There was less quietness in the tent, which was too far away from the fire for the stranger to distinguish all that was said there, though he could hear hushed voices.

“I am still of the opinion that we must get rid of him some Way,” Dobbs insisted.

Howard tried to calm him: “Hush, hush! Not so hot. We don’t know a damn thing about him yet. Give him a chance. To me he looks absolutely harmless. I would bet that he isn’t a spy for any outside party, government or highwaymen. If he were that he wouldn’t come alone, and he sure wouldn’t look so hungry.”

“Hungry, yea? He? You make me sick,” Dobbs interrupted the old man. “Did he eat? He hardly touched the food.”

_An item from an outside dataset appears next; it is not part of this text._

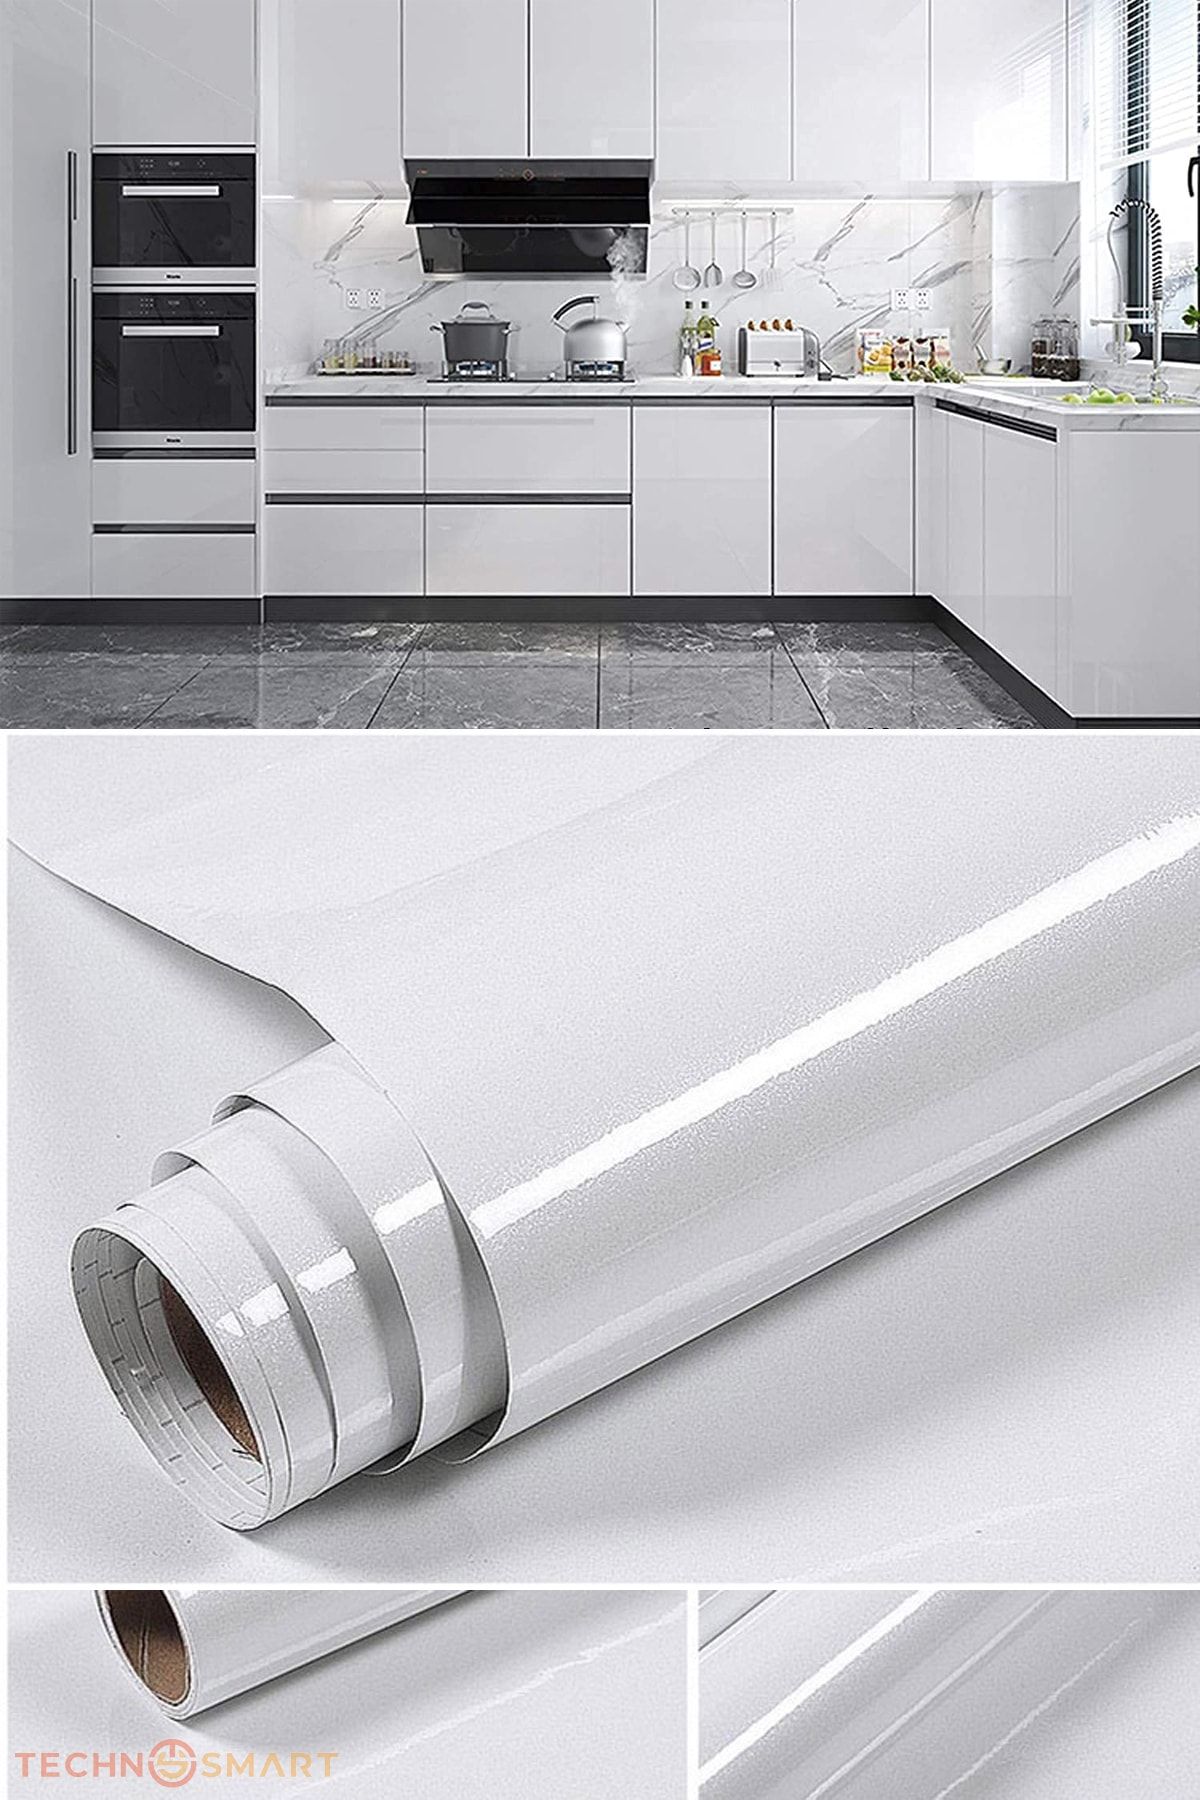 TechnoSmart 60x100cm Beyaz Simli Kendinden Yapışkanlı Parlak Duvar Kağıdı Mutfak Banyo Dolap Kaplama

“Come, come. If you are as dead tired as he seemed to be you can’t eat very well. I rather figure he has a guilty conscience. Guess he’s running away from something or somebody. Something or somebody is after him. It may not be just murder or a hold-up. There are other things. Often worse than the cops.”

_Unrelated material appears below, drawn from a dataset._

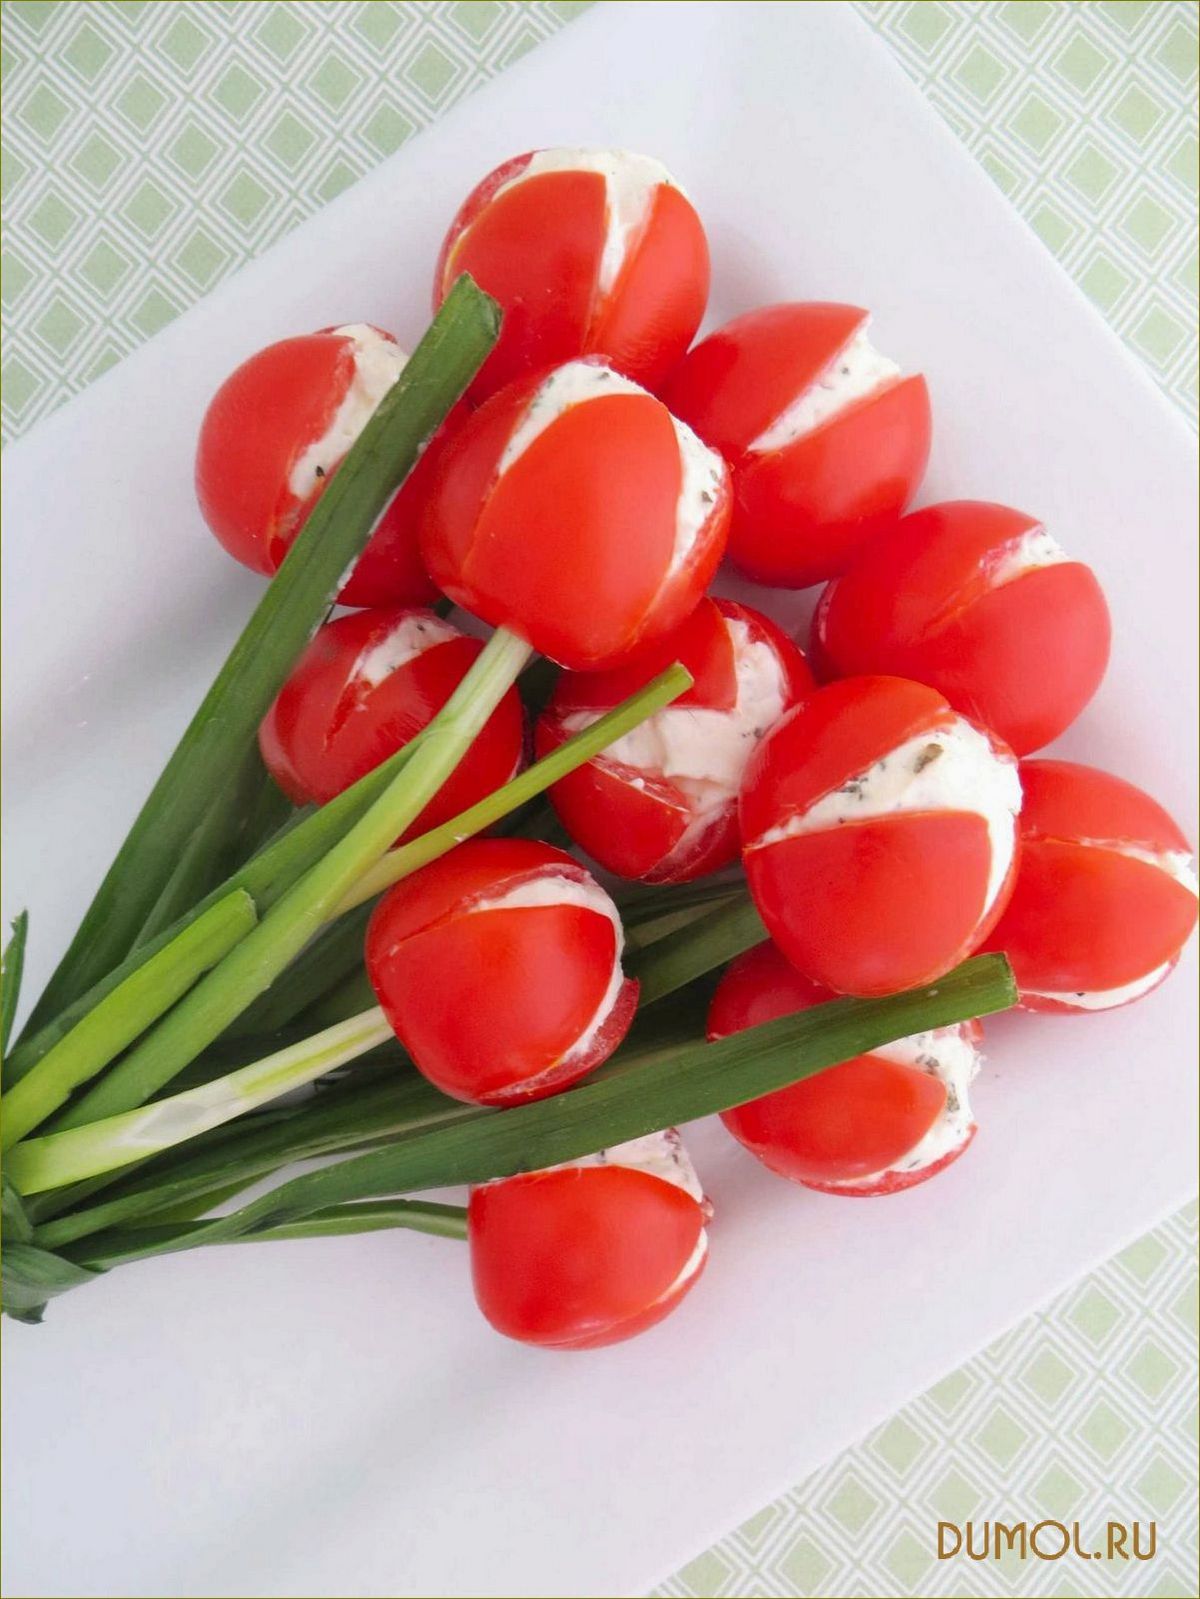 Идеальная закуска: Цветок из лука, которая поразит ваши вкусовые рецепторы

Now Curtin spoke up. “Perhaps we could start a quarrel with him and make him boil over, and as soon as he draws, we could switch him off and be fully justified.”

“That doesn’t look so very swell to me.” Howard was sitting on his cot pulling off his boots. “No, I’m against it. It’s dirty_ would be dirty that way. It isn’t fair.”

“Oh hell, fair or no fair,” Dobbs howled, “we have to get rid of him. That’s all there is to it. He is warned about his health, isn’t he? If he doesn’t take heed, it’s his funeral.”

Stretched on their cots, they were still talking and trying to find a solution for the problem which so unexpectedly confronted them. All were agreed that the stranger was not welcome and that he had to be disposed of. Yet they also admitted that killing him had many disadvantages and only one benefit. And even this benefit was rather doubtful.

Finally they fell asleep without having reached any definite decision.

Chapter 11

1

The next morning found the three partners very early by the fire. Having had a bad night with all sorts of heavy dreams, they were in as bad humor as a girl whose new white dress has been soiled by a passing motorist just three minutes before she is to meet the boy friend.

The stranger had been busy. Fuel was heaped by the fire, which was blazing, and his own cooking-kettles, with beans and coffee, were hanging over it.

Dobbs greeted him: “Hey, you mug, where did you get the water for your stuff?”

“I just took it from the bucket.”

“Oh, you did, did you? Fine. But don’t get the idea into your cone that we are pulling up the water for you. We don’t wait on anybody—least of all on a tramp like you.”

“Excuse me, I didn’t know that water was so hard to get here.”

“You know it now, and no more lip from you, you son of a bitch.”

“I’ll get the bucket filled for you.”

“Better hurry.”

At this moment Curtin came to the fire:’ “Water-stealing, hey? And stealing our fuel? What do you think you are, anyway? Just let me catch you once more taking one thing that belongs to us. Then I’ll fill your belly up, doggone it to hell.”

“I thought that perhaps I was among civilized men who would not mind letting me have a drink of fresh water,” he said very politely.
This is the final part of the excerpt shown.